InterSystems’ Chris Wilson explains why bigger is not always better when it comes to data.
The advent of the cloud has made businesses greedy for more data. While data is certainly instrumental to innovation, many organisations have lost sight of the fact that quantity isn’t everything. In fact, large numbers of businesses are collecting far more data than is truly needed to uncover the core insights they desire.
The impacts of this are manifold. Not only is it driving up costs from having to store and process such large volumes of data, but it can also be difficult to source the data, which can be vast and disorganised, and result in an ever-growing number of silos.
Additionally, once they have sourced the data, many organisations find that they can’t actually use that much of it, or at least not effectively, owing to a lack of context and biases, for example.
Beyond this, having so much data to sift through can ultimately be a distraction. After all, it can take significant amounts of time to dig into the data to get the answers they want and therefore impact a firm’s ability to be agile.
Consequently, firms need to take a new approach to avoid becoming overwhelmed by too much, often poor quality, data.
For financial services organisations, for example, they have to understand exactly what the business is trying to achieve and the subsequent questions they need to ask of their data and find a way to answer them with the smallest possible dataset.
In a world where bigger is often thought of as better, the power of small data – the minimum viable dataset required for the task in hand – shouldn’t be underestimated. In any case, it takes the right data to produce the right business results.

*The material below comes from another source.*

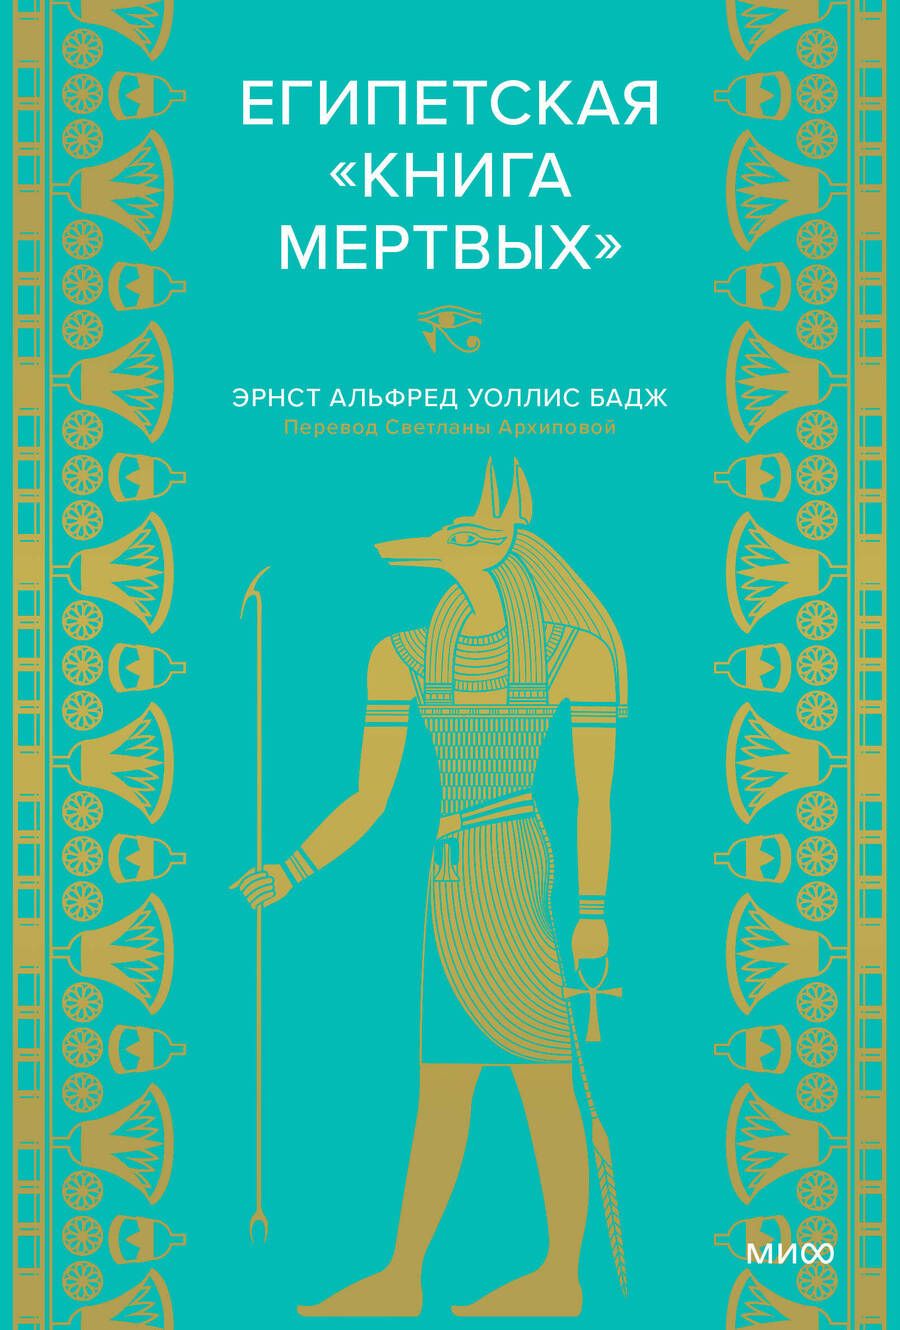 Обложка книги "Бадж: Египетская книга мертвых"

The fundamentals of small data
So, what exactly do we mean by ‘the minimum viable dataset’? In short, it refers to the smallest possible amount of data that is needed to enable an organisation to act effectively, such as to power any models that have been designed.
When it comes to defining just how much data that actually is, a focus should be on what the business needs and obtaining clean, high-quality data. The importance of high-quality data can’t be underestimated, with quality trumping quantity.
One example of this in practice is if a bank were to begin selling green mortgages, it first needs to understand who to target and how. For this, they would require access to a small amount of high-quality data that gives them the answers to those questions, helping them to determine which individuals have an environmental need or leaning and would therefore be likely to take out a green mortgage rather than a traditional one.
Firms must also determine whether they have the data they need or whether they would benefit from integrating data from third parties. For many firms, a lack of data integration capabilities has historically made integrating external data sources challenging and resulted in the creation of additional data swamps.
However, modern data architectures like connective tissue are primed to help them to overcome this issue. Otherwise known as a smart data fabric, connective tissue speeds and simplifies access to data assets across the entire business.
It accesses, transforms and harmonises data from multiple sources, on demand, to make it usable and actionable for a wide variety of business applications. Meanwhile, embedded analytics capabilities like machine learning and artificial intelligence help firms to derive greater insights from small data, and to do so in real time.
Small data, big results
Adopting a small data approach offers financial services firms a wide range of benefits, including risk reduction. This is because working with a smaller amount of much more relevant real-time data will enable financial services firms to gather critical insights much more quickly than if they were having to sift through large volumes of data and could empower them to spot any potential risks faster.
For instance, if a banker is focused solely on selling mortgages, seeing every single customer transaction will take up precious time and garner few results. Conversely, by being able to quickly access only the most relevant transactions and data, they can make more informed decisions around who to offer mortgages to and the conditions they should be offering, thereby reducing risk.
This approach therefore allows users to get access to the data and insights quicker, reduces cost by reducing the amount of data needing to be stored and analysed and increases agility. Furthermore, handling less data reduces risk around GDPR and data governance, as well as the risk of data theft.
Quality over quantity
Ultimately, where data is concerned, bigger isn’t always better. Instead, what matters is having access to high-quality, relevant data to power the initiatives that truly matter to the organisation.
By adopting a small data approach and arming themselves with the right data infrastructure, firms will be able to do much more with less, gaining more intelligent and relevant insights that will allow them to increase efficiency, reduce risk and become more agile, while also obtaining a 360-degree view of their business.
This will not only empower those on the frontline to make more informed, accurate decisions, but it will also better serve the business leaders, who can gain greater insights at a glance.
By Chris Wilson
Chris Wilson is the sales director at data management company InterSystems.